Following whole mount in situ hybridization (or ZNS5-labeling), fins were embedded in 1.5 % agarose/5% sucrose, and equilibrated overnight in 20 % sucrose. Fins were mounted in OCT and cryosectioned (18–20 μm sections) using a Reichert-Jung 2800 Frigocut cryostat. Sections were collected on Superfrost Plus slides (Fisher) and mounted in 100 % glycerol.
Fins were amputated and permitted to regenerate for 5 days. Individuals were moved to water containing 50 μg/ml BrdU water for 10 min. Fins were harvested immediately (pulse, t = 0), or fish were moved to fresh water without BrdU (chase). Fins were harvested after 2 hours (t = 2) or after 6 hours (t = 6). Harvested fins were fixed in 4% paraformaldehyde in PBS, and dehydrated in methanol before processing for in situ hybridization for cx43. Following in situ hybridization (above), detection for BrdU on whole mount fins was completed as described (Nechiporuk and Keating, 2002). Briefly, fins were washed in PBTx, treated with 2N HCl in PBTx for 30 min at room temperature and then blocked with 0.25% BSA in PBTx for 30 min. A rat monoclonal antibody against BrdU (Roche) was diluted to 1:50 in blocking solution and incubated with fins overnight at 4°C. Extensive washes were completed in PBTx (last wash in blocking solution).
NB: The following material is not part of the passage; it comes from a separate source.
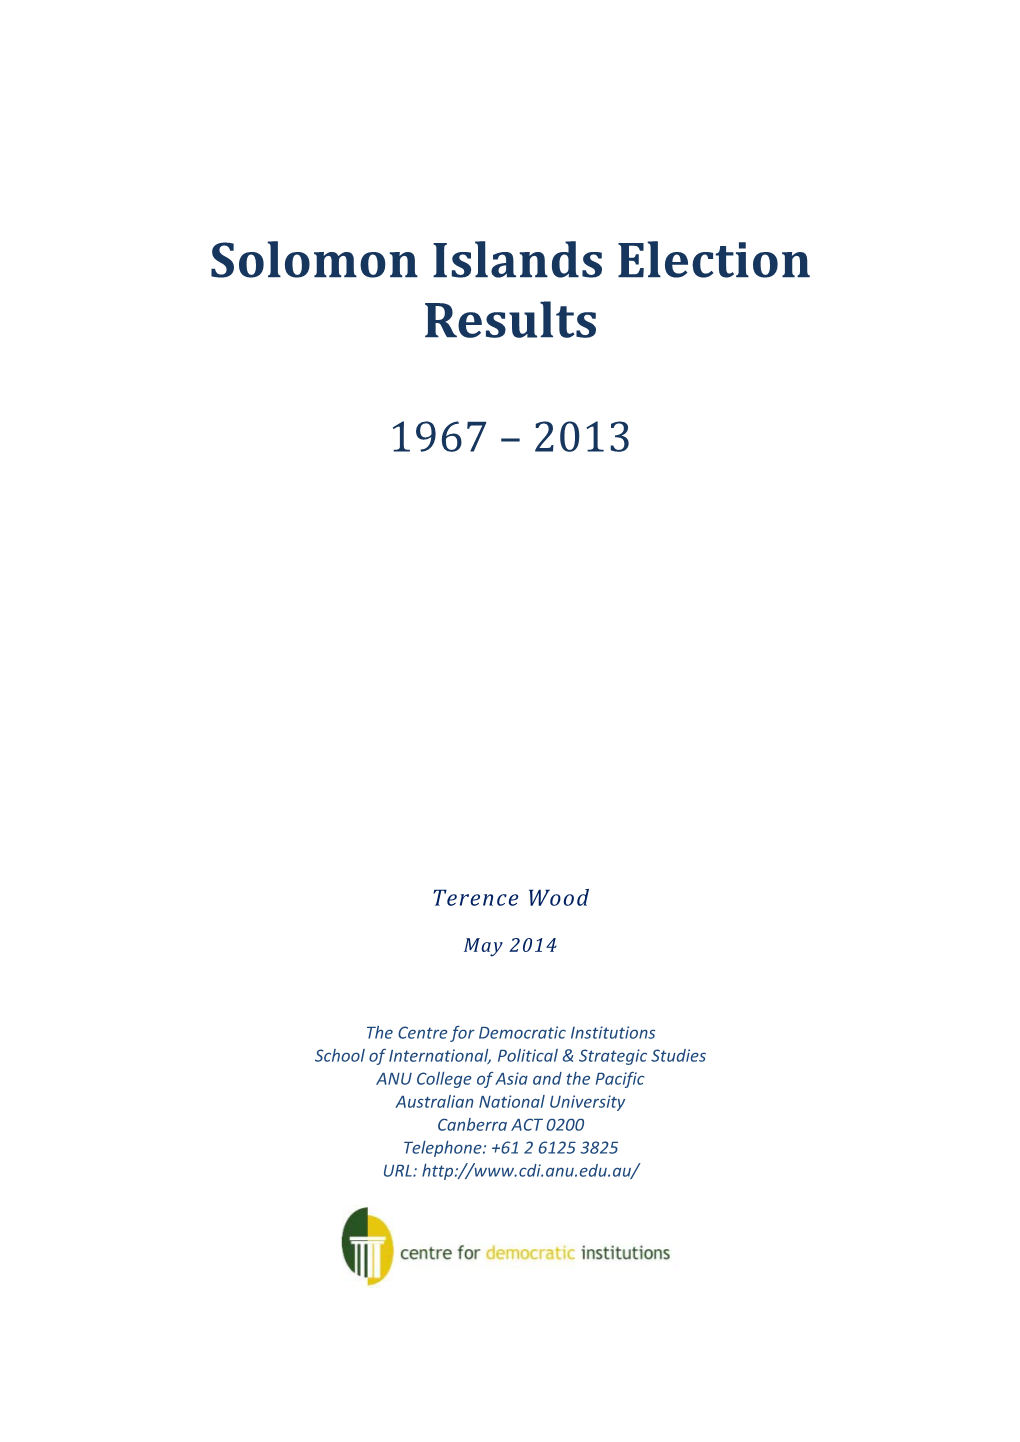 Solomon Islands Election Results DocsLib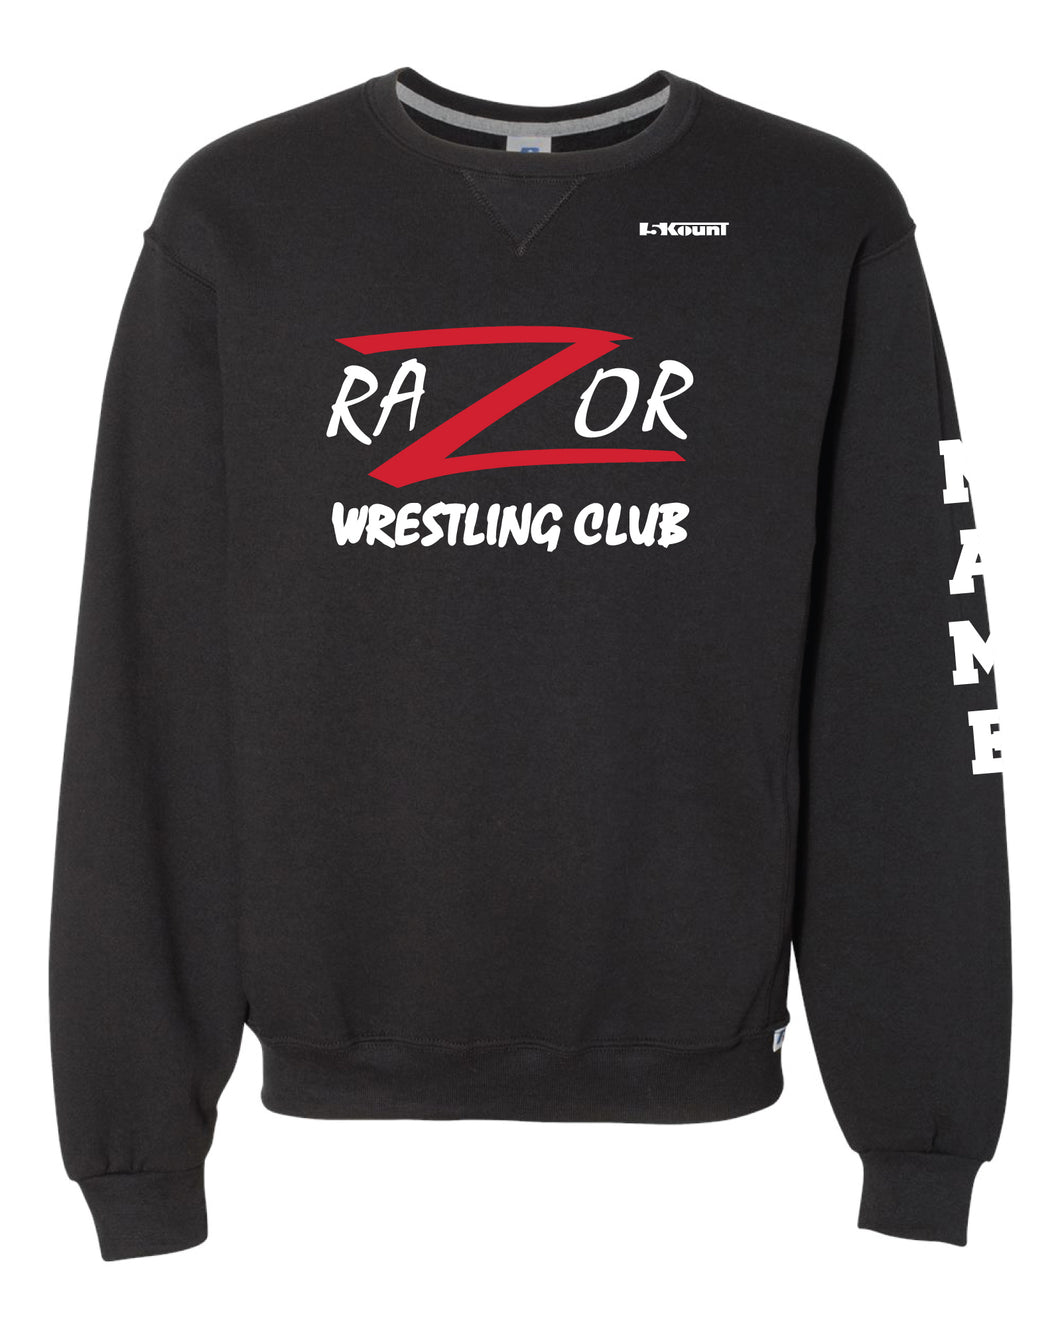 Razor Wrestling Club Russell Athletic Cotton Crewneck Sweatshirt - Black - 5KounT2018

A goat anti-rat Alexa546 antibody (Molecular Probes) was diluted to 1:200 in blocking solution and incubated with fins overnight at 4°C. Extensive washes were completed prior to mounting in 50 % glycerol. Labeled cells were visualized on a Nikon Eclipse 80i microscope.
The authors wish to thank Jake Fugazzotto for fish rearing and for cryosectioning fin tissue. We thank M. V. Flores for sharing the runx2a and runx2b plasmids. This work was supported by the NICHD (HD047737 to MKI) and the NIAMS (AR048101 to SF).